George T McCaw was the son of Robert McCaw of Teghnevin. He went from Lurgan College to Trinity College, Dublin, where he graduated with an MA in 1892. He served for a number of years in the General Valuation and Boundary Survey of Ireland, before going abroad on survey work, which took him to Rhodesia (1903-6), Uganda (1908-9) and Fiji (1911-15). In 1915 he joined the army as a Lieutenant in the Royal Engineers, and on promotion to Captain, he served on the Headquarters Staff of the Royal Engineers until 1919. From 1919 until his retirement in 1936 he served in the War Office, where he was Secretary of the Air Survey Committee and Joint Secretary of the Colonial Survey and Geophysical Committee. He received the OBE in 1927 and the CMG in 1936.
W R Morrow (1877-78) was another rugby international, winning 9 caps for Ireland.
Possibly the most prominent sportsman ever to come from Lurgan College was James C Parke (1894-99). He was born in Clones in 1881, and I assume he came to the College following the death of his father, since he is shown as having a guardian, rather than a parent. He had a successful academic career in the College, going on to Trinity College, where he studied Law. However, it was in sport that he excelled. Between 1904 and 1909 he was capped 20 times for Ireland in rugby, captaining the side against Scotland and Wales in the 1907-8 season. Unusually, Parke's career spanned two sports, for he was also a top tennis player - arguably the best ever produce by Ireland. He won the Irish Men's Singles Championship eight times, the Doubles four times and the Mixed Doubles twice. He was European Singles Champion twice, and All-England Mixed Doubles Champion four times. On top of all that he was a member of the Davis Cup squad for the years 1908, 1909, 1912, 1913, 1914 and 1920. Parke also had an impressive war record. He was commissioned in the Leinster Regiment, in September 1914. He was wounded twice in action; the first time at Gallipoli in 1915, and again in 1918, while on the Western Front. In 1916 he became a Major, and by 1918 was Battalion Commander. He was mentioned in despatches. The last mention of him I have found was as a lawyer, practising in North Wales in the 1920s.

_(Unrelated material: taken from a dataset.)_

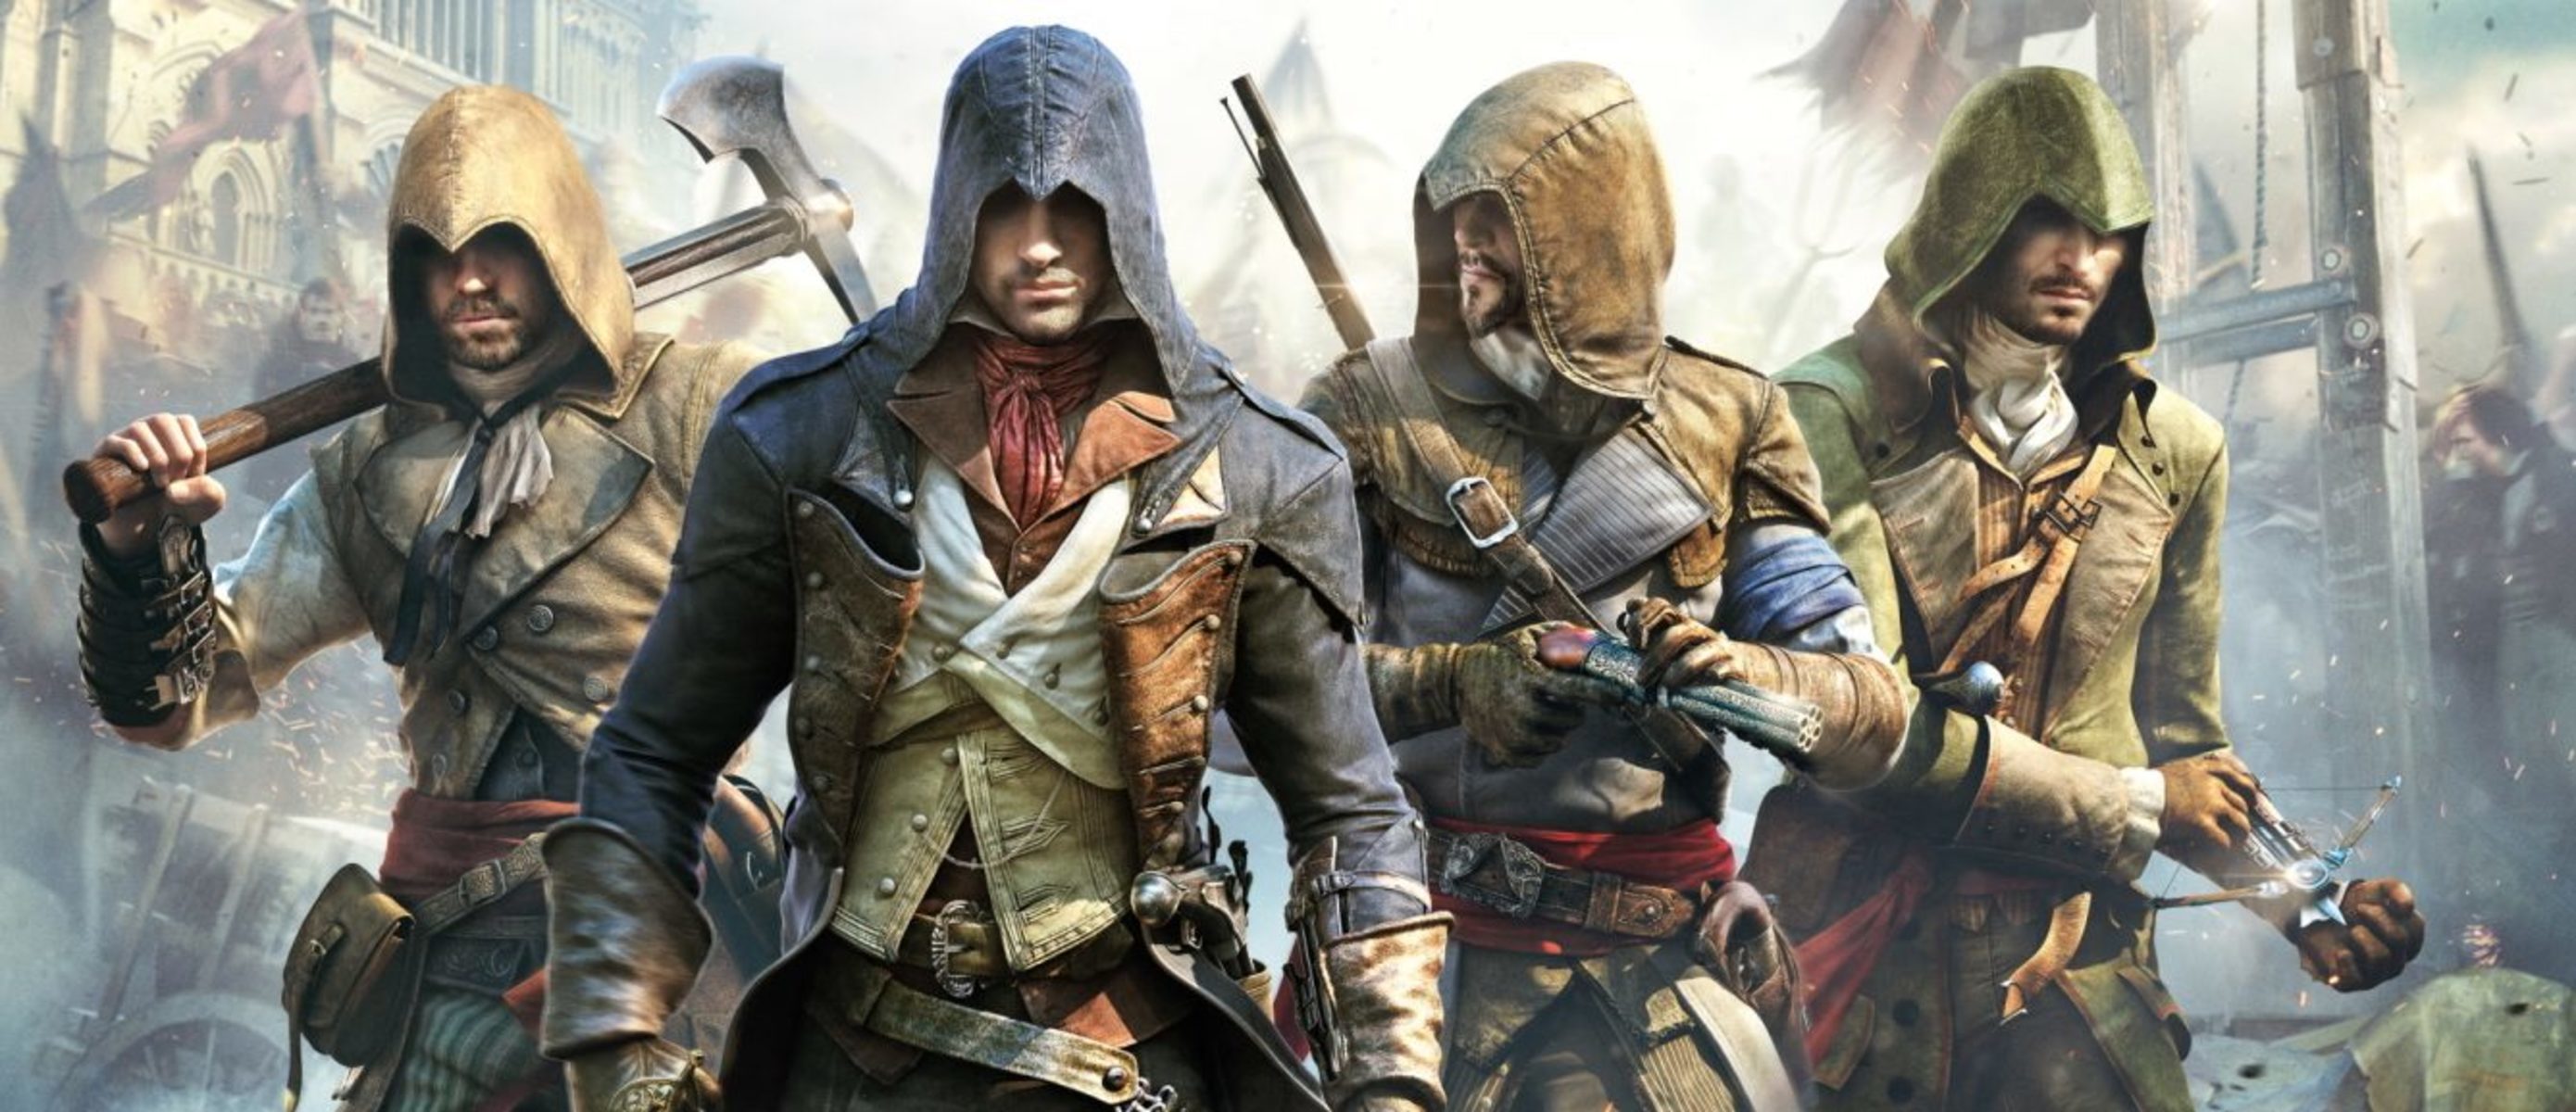 Ассасины игра видео. Ассасин единство. Ассасин Крид 10. Assassin’s Creed: Unity – 2014.
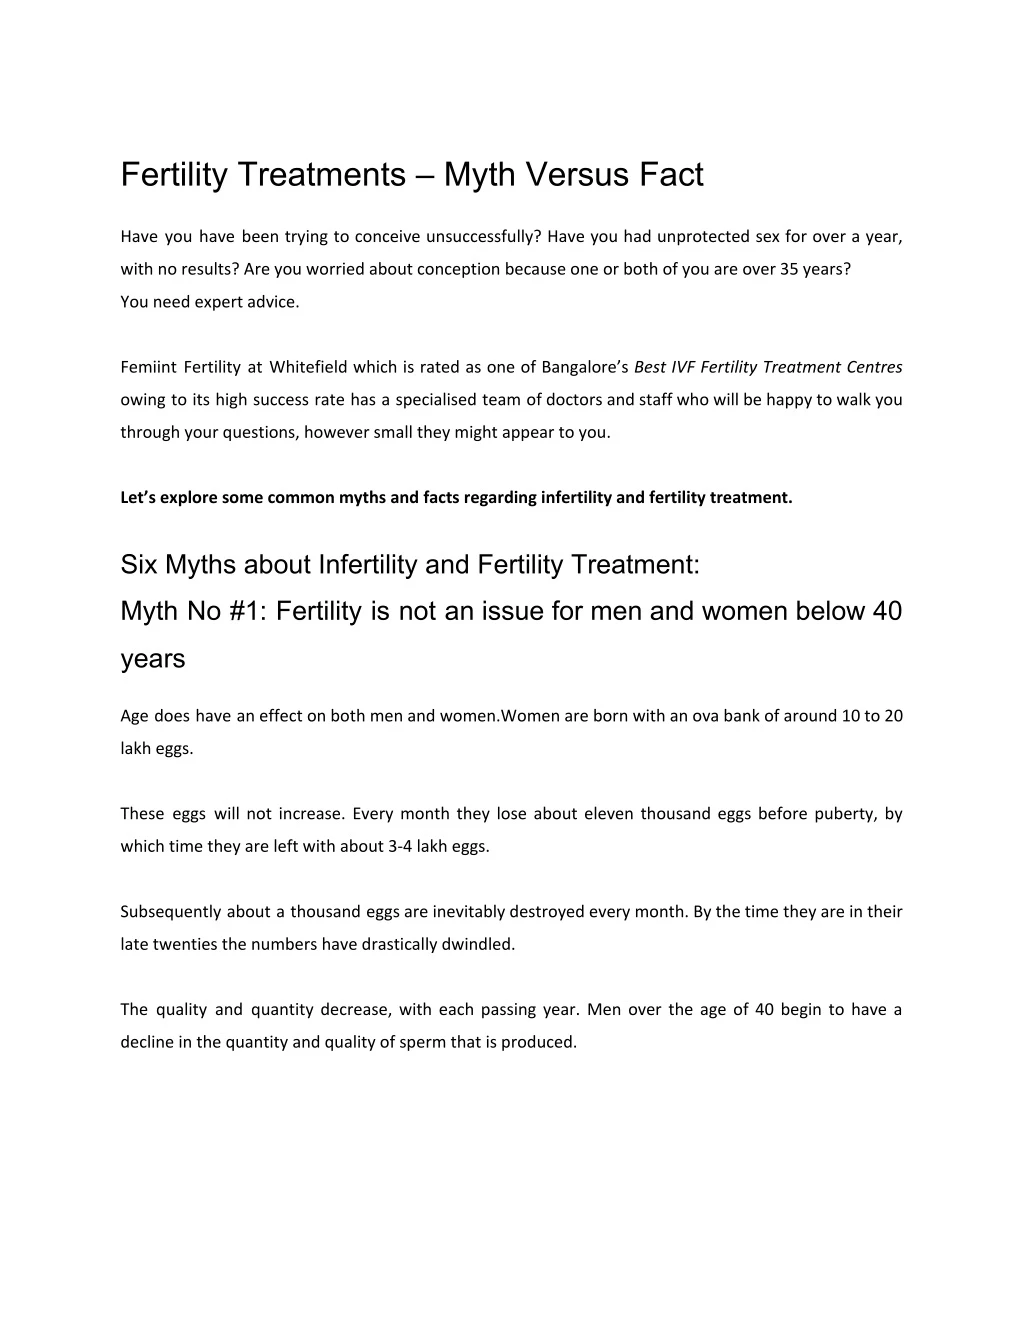 fertility treatments myth versus fact

Two other notable sports-men were the Pedlow brothers (their father was a medical doctor in Lurgan). J Pedlow (1877) was capped twice for Ireland at Rugby, and was, in addition, the Irish 100 yards sprint champion. His brother T B Pedlow was also capped twice in Rugby.
H W A Watson (1886-91) was the eldest son of Hugh Watson, of Lurgan. He was born in 1875, and on leaving Lurgan College he went to the R.I.E. College, Coopers Hill, London. From there, he entered the Indian Forest Service, in 1897. By 1924 he was Chief Conservation Officer (Forests) Burma, a post which he held until 1930. From 1932 until his retirement he was Timber adviser to the High Commissioner for India. He died in 1953. Today he is probably best remembered for the display of Burmese hunting trophies which is still to be seen in the school library.
As can be seen, I have only been able to scrape the surface of the list, and there are still many, many names that I have been unable to trace. I would be most grateful if any reader has information about any of the names on the list that they would be prepared to pass on.